# My first Smoked turkey breast



## mc73 (Nov 22, 2009)

I smoked a turkey breast for the first time today. It was so awesome, flavorful and moist!!! It was processed in a salt solution so I just injected with some Yoshidas rubbed it down with some EVOO and some lemon pepper cooked between 235-245 until internal temp was 152f then pulled it and let it rest for 30 minutes. It turned out so good!!! I figure smoking is like Golf all it takes is one good shot to get you back on the course well in smoking terms this was my one good shot. Thank you all for your assistance on makinjg this a good one.


----------



## mr mac (Nov 22, 2009)

Oh, there's nothing quite like a piece of meat that emerges from the smoker and exceeds all expectations!  The key is, remember what you did so you can repeat it next time!


----------



## ronp (Nov 22, 2009)

Qview? We would like to see some pics. Please share.


----------



## raceyb (Nov 22, 2009)

without pics it never really happened....


----------



## meat hunter (Nov 22, 2009)

Good job on the Turkey breast. Its always nice when things turn out the way we want, but you have to get a camera.

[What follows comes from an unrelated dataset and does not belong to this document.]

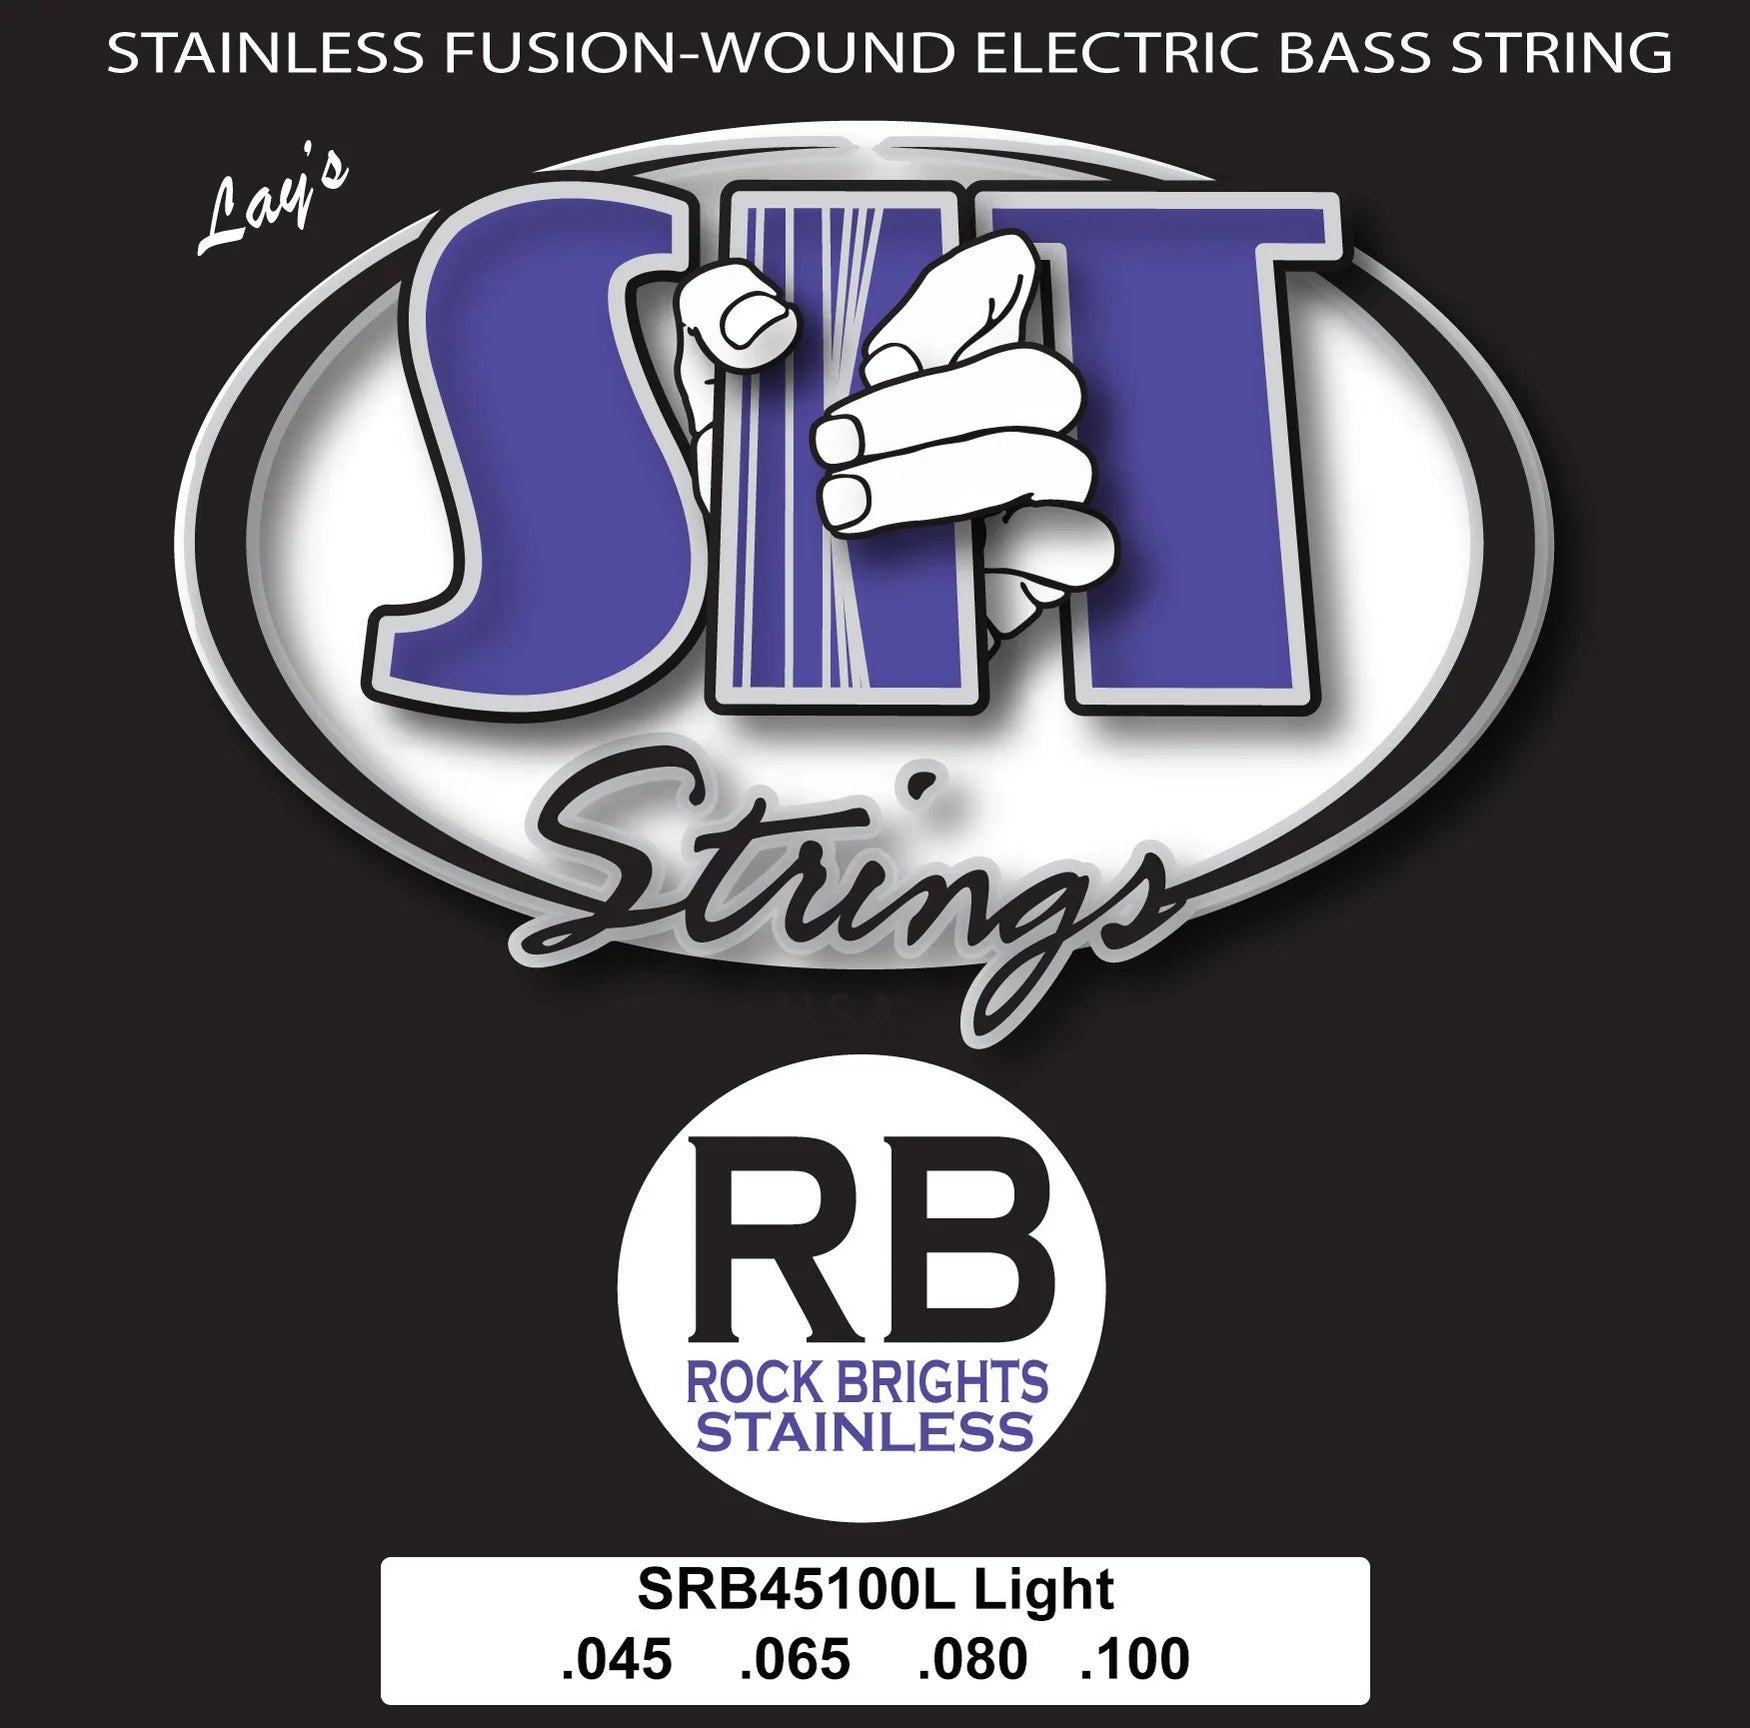 SIT ROCK BRIGHT STAINLESS STEEL BASS - HIENDGUITAR SRB45100L LIGHT SRB45100L LIGHT SIT Bass Strings

We need to see
	

	
	
		
		



		
		
	


	













.


----------



## beer-b-q (Nov 22, 2009)




----------



## richoso1 (Nov 22, 2009)

Congrats on a wiiner first time out, maybe next time you can have some Q View for us. Rumor has it... no pics means it didn't happen.


----------



## rickw (Nov 22, 2009)

Congrats on a successful smoke.


----------



## rivet (Nov 22, 2009)

That sounds like a very tasty turkey breast you turned out! Interesting idea to inject the Youshida's...that's an idea that just seems intuitively good for a large turkey breast~ good job.


----------



## Bearcarver (Nov 22, 2009)

Turkey Breast??
We aint got no Turkey Breast.


----------



## mballi3011 (Nov 22, 2009)

Well if you ain't got a camera the next time if you smoke something you had better start drawing picture. Without pictures it didn't happen around here.


----------



## mc73 (Nov 22, 2009)

Sorry fellas I honestly thought I need to take a pic and frame it up and put it on the wall next to my kids but it smelt so good and I couldn't keep my hands out of it sorry. Next time QVIEW for sure.


----------